Chapter 4: Distributions

Overview

This chapter catalogs the most important probability distributions used in statistics and data science, covering both discrete and continuous families. It then develops the multivariate framework needed to analyze the joint behavior of multiple random variables, including joint, marginal, and conditional distributions, as well as covariance and correlation.
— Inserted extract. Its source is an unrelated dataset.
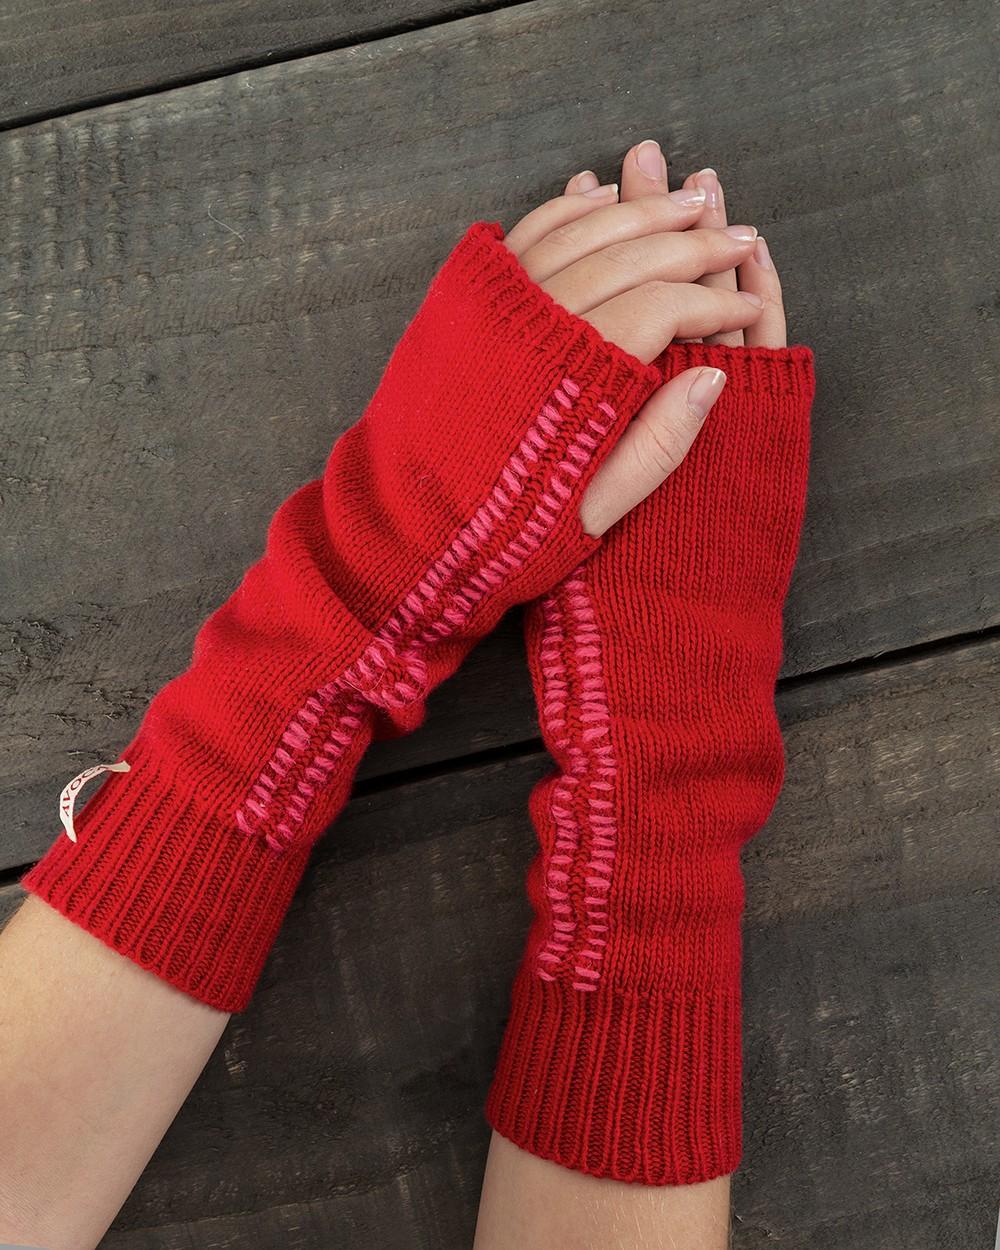 Blanket Stitch Cuffs in Red
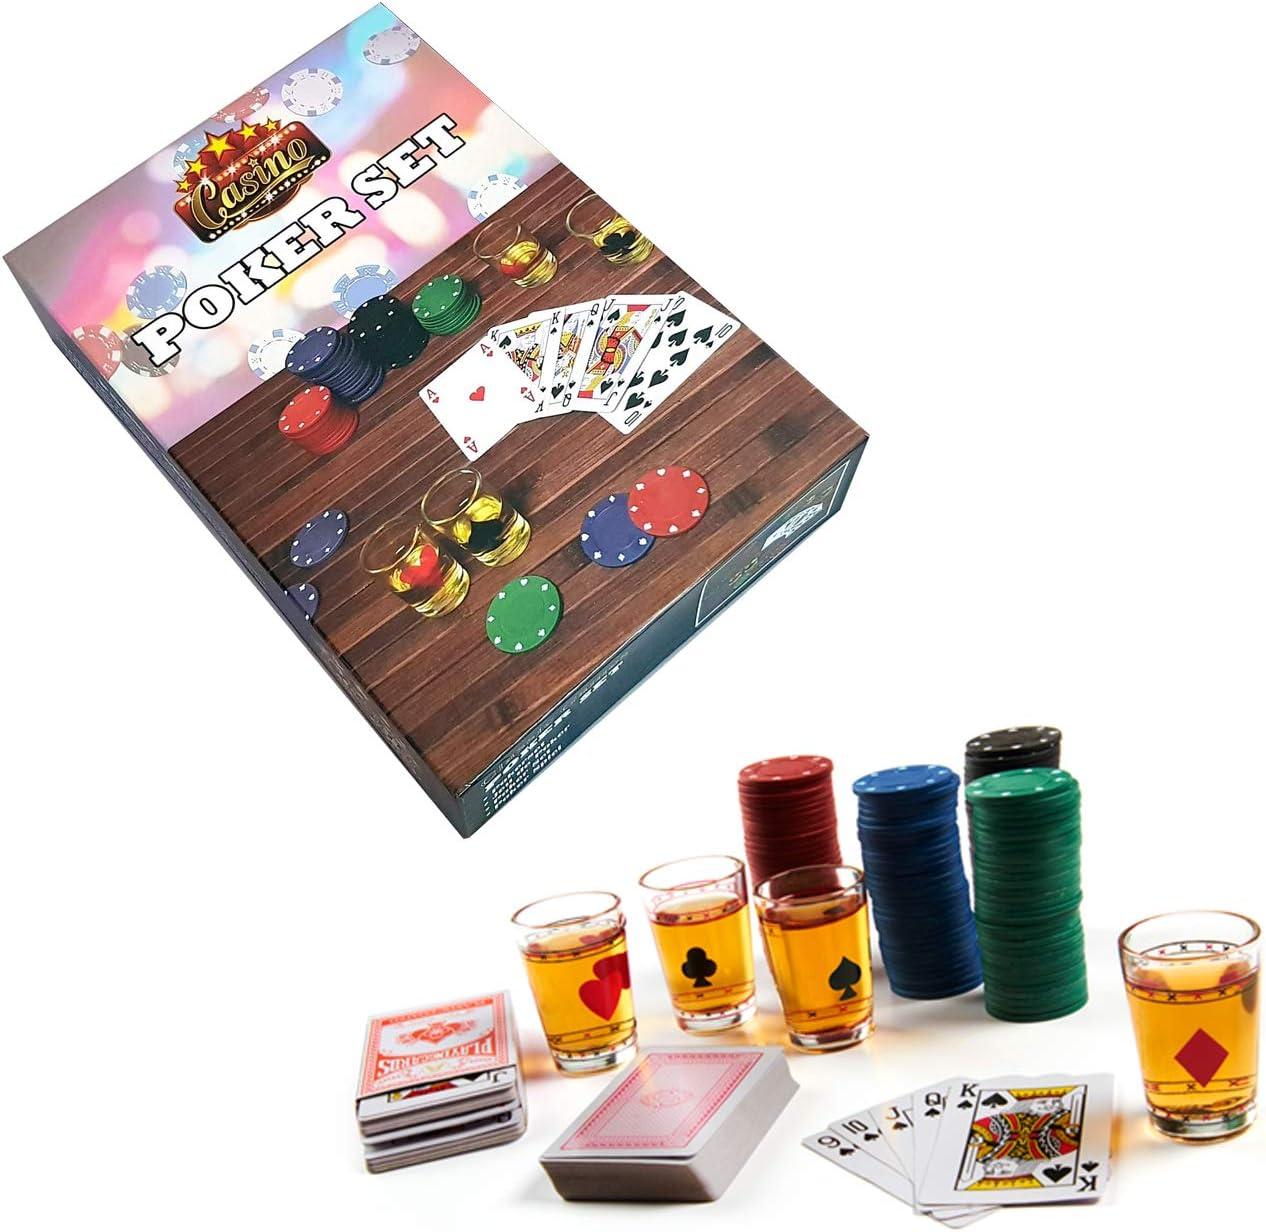 Set de Poker Casino con chupitos. Juega con chupitos al póker. Contiene 120 fichas, 4 Vasos de chupito y 2 Barajas de Cartas: Amazon.es: Juguetes y juegos

Together, these tools form the distributional foundation for all subsequent chapters on sampling, estimation, and inference.


Chapter Structure

4.1 Discrete Distributions

The core discrete probability models built from independent Bernoulli trials and event-counting processes:

  • Bernoulli and Binomial --- The Bernoulli distribution models a single success/failure trial, while the binomial distribution counts the number of successes in \(n\) independent trials, forming the foundation of discrete probability modeling.
  • Geometric and Negative Binomial --- The geometric distribution models the number of trials until the first success, and the negative binomial generalizes this to the number of trials until the \(r\)-th success in sequential Bernoulli experiments.
  • Poisson Distribution --- Models the number of events occurring in a fixed interval of time or space given a known average rate, with applications in finance (trade arrivals, default counts), insurance (claim frequency), and queueing theory.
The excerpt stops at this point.